TASK TO COMPLETE —
The answer consists solely of the lines running from the one with "PUMA-Women-039-s-X-RAY-Reptile-Sneakers thumbnail 5" through the final line below, transcribed exactly and without any pictures.

RECORDED INFORMATION —
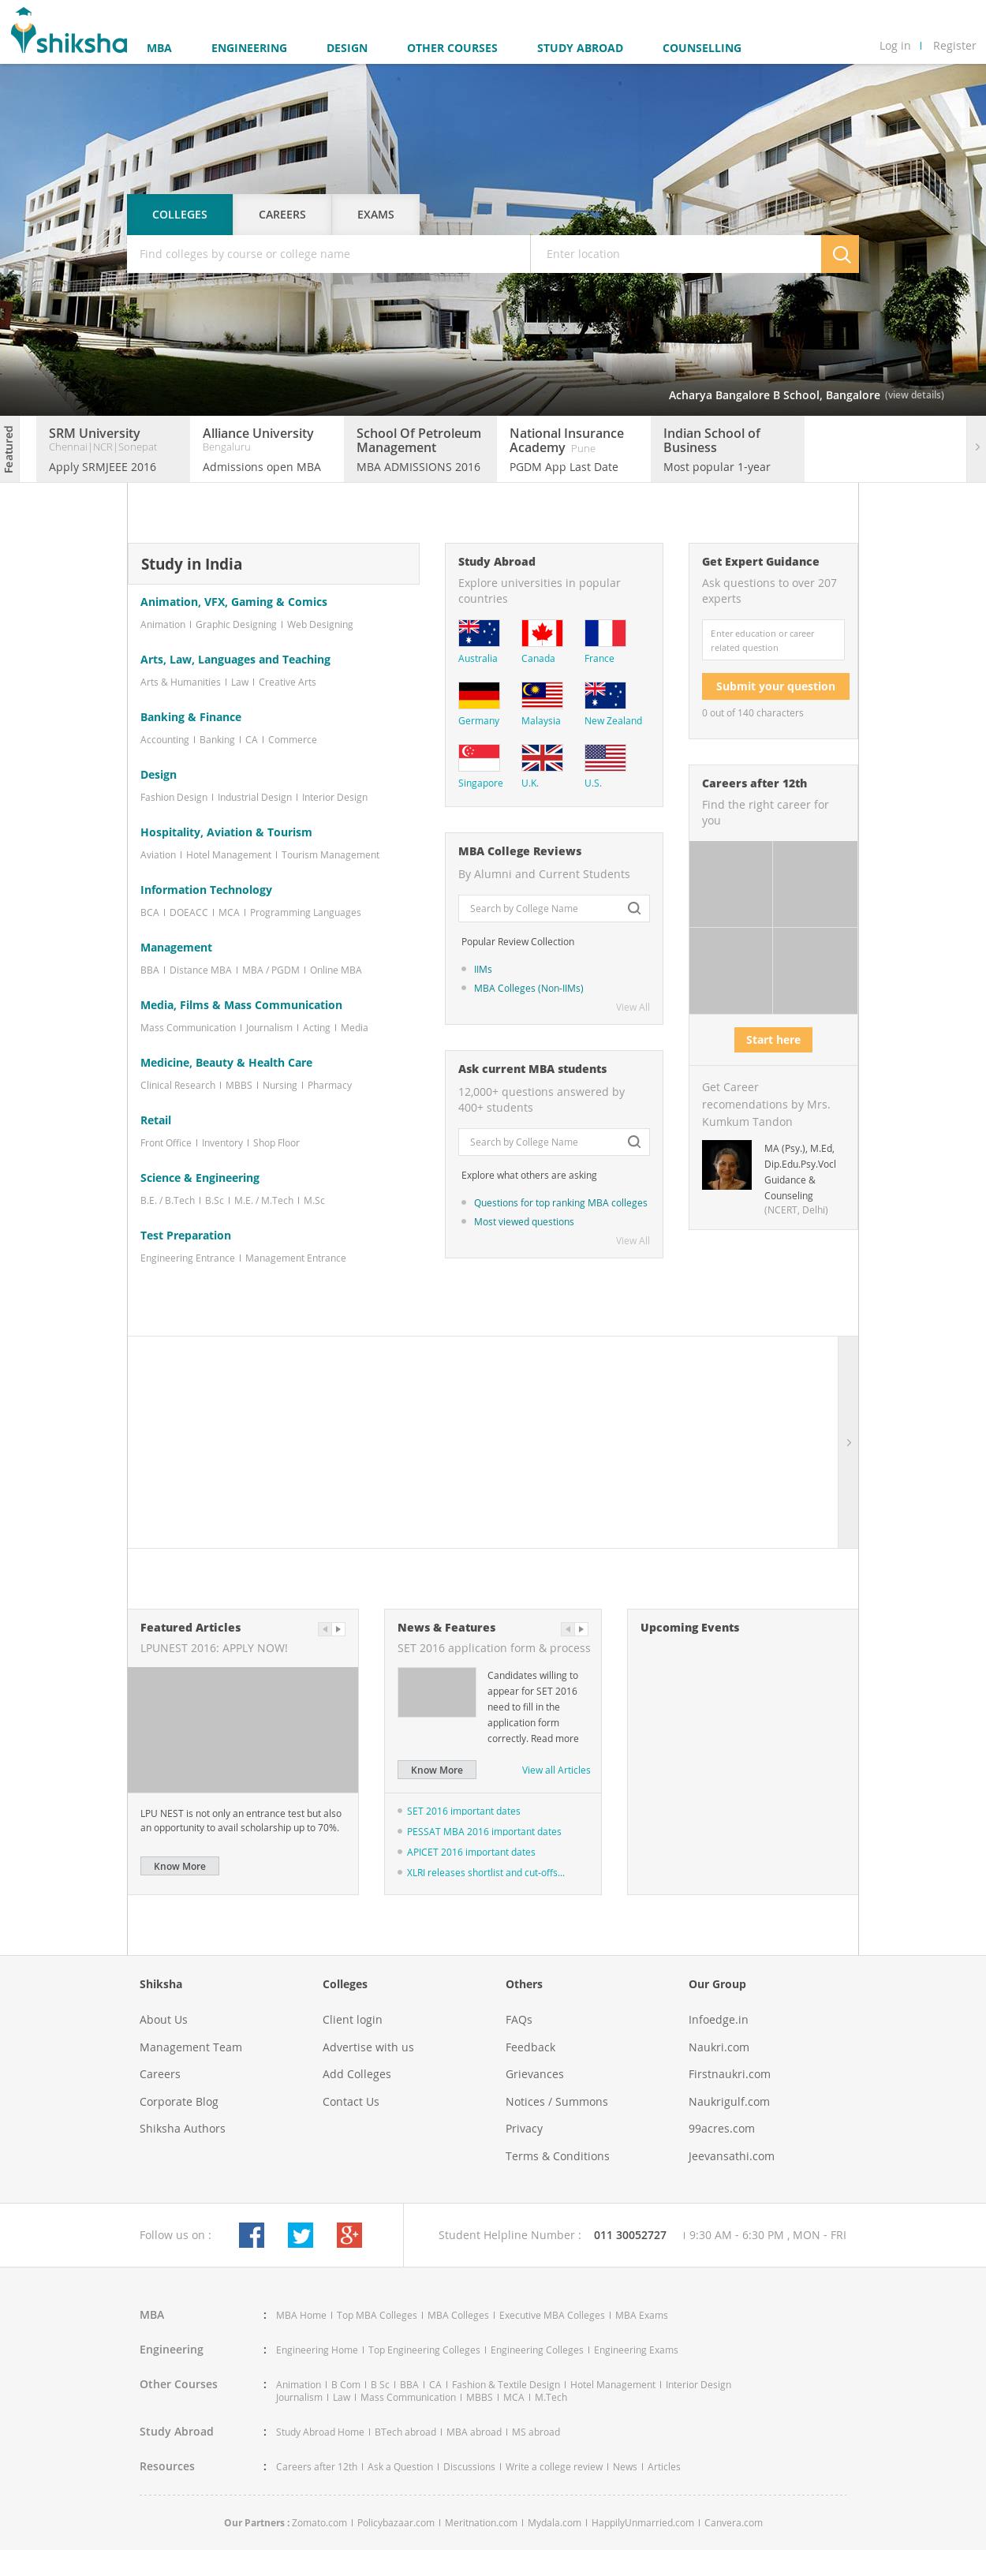 Shiksha Competitors, Revenue and Employees - Owler Company Profile
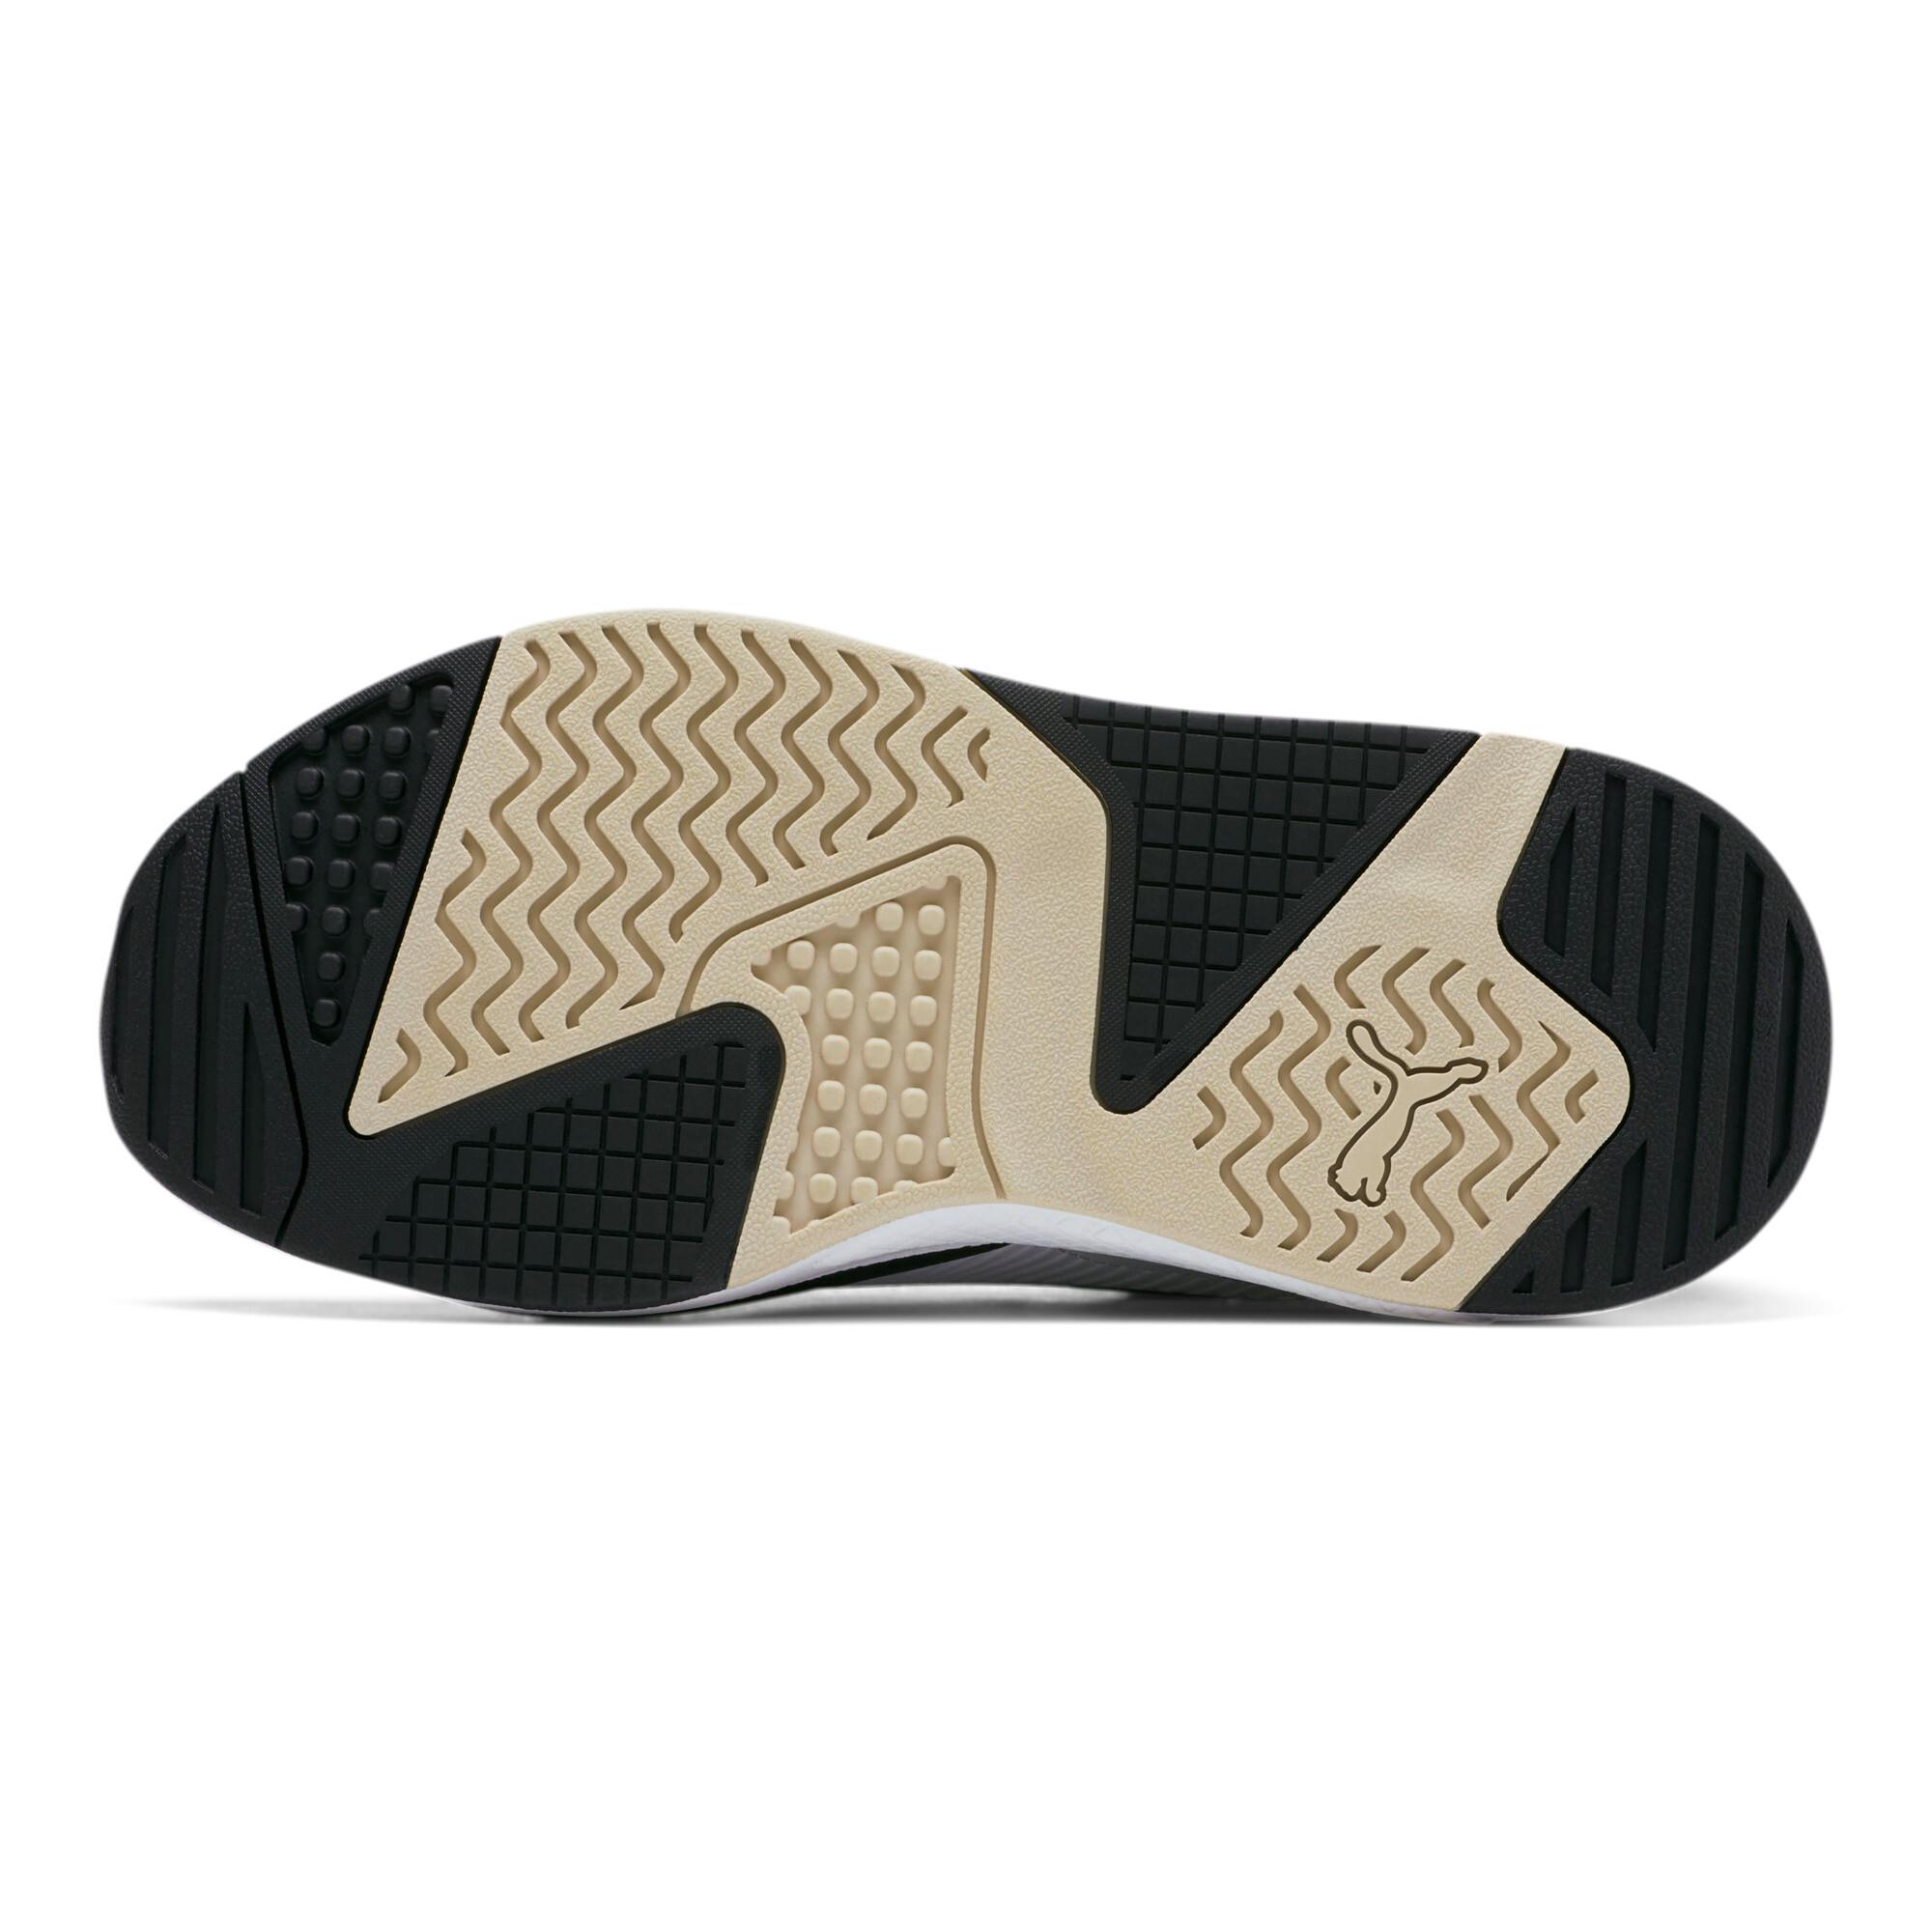 PUMA-Women-039-s-X-RAY-Reptile-Sneakers thumbnail 5
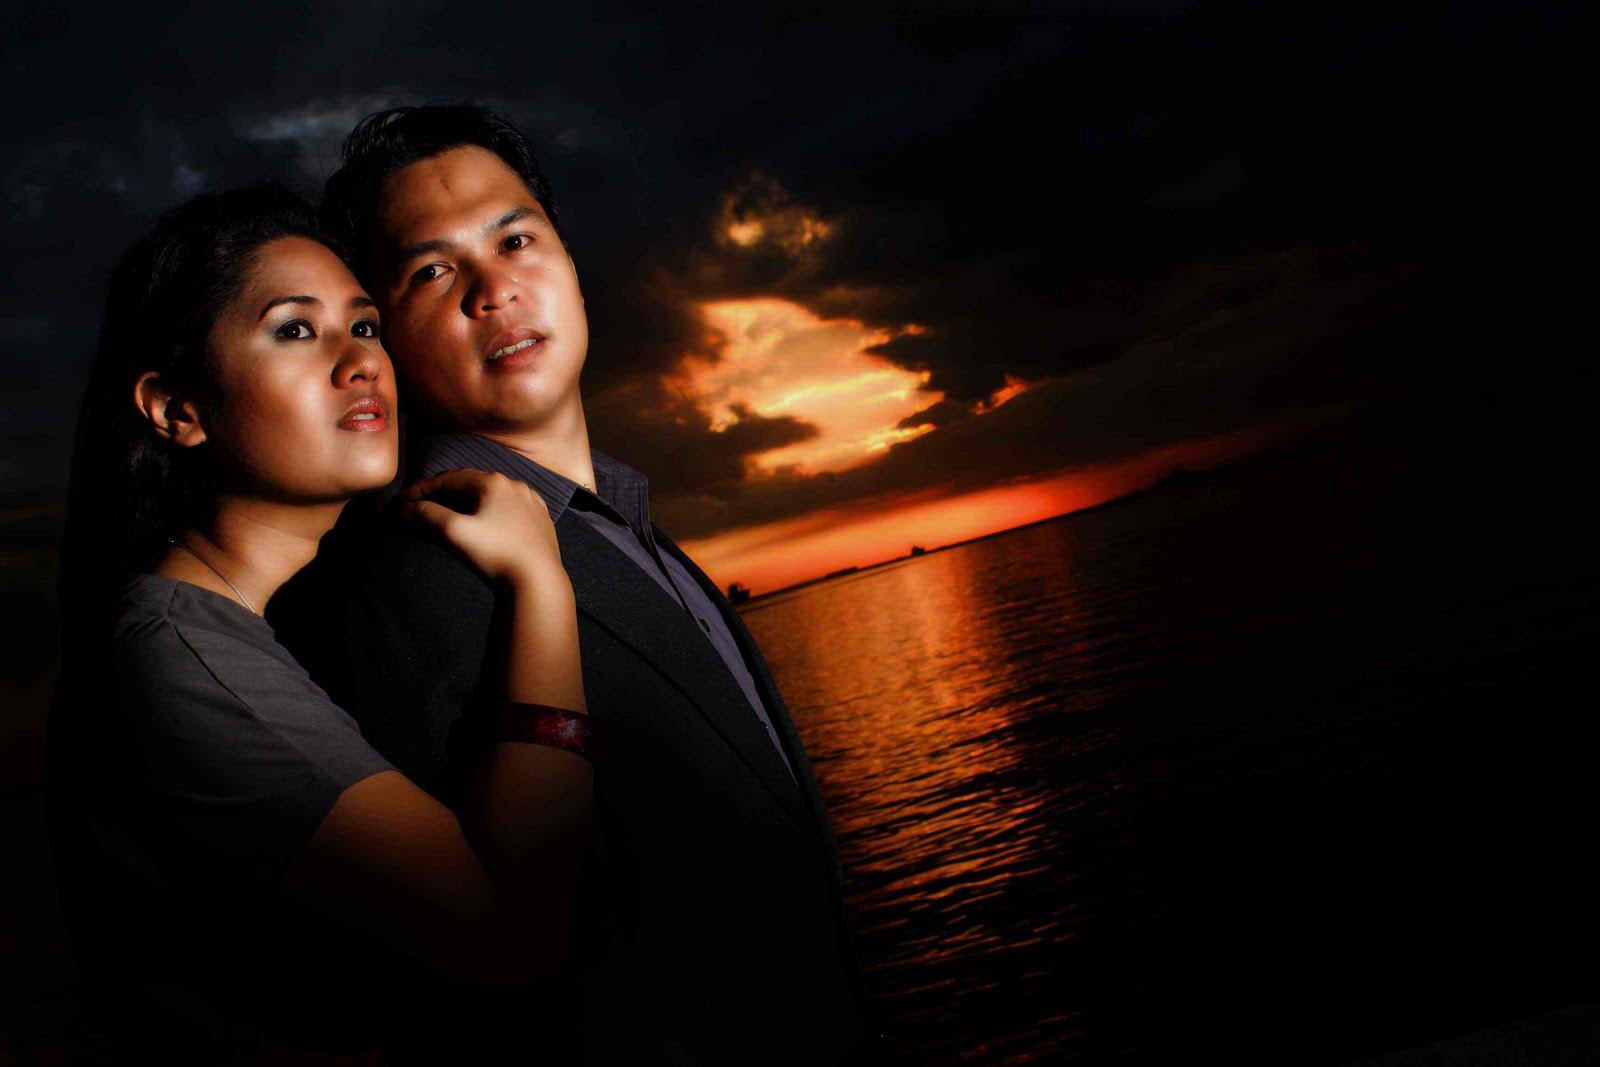 Sunset Pre Nuptial Pictorial Wedding Photographer Manila

YOUR SOLUTION —
 PUMA-Women-039-s-X-RAY-Reptile-Sneakers thumbnail 5
 Sunset Pre Nuptial Pictorial Wedding Photographer Manila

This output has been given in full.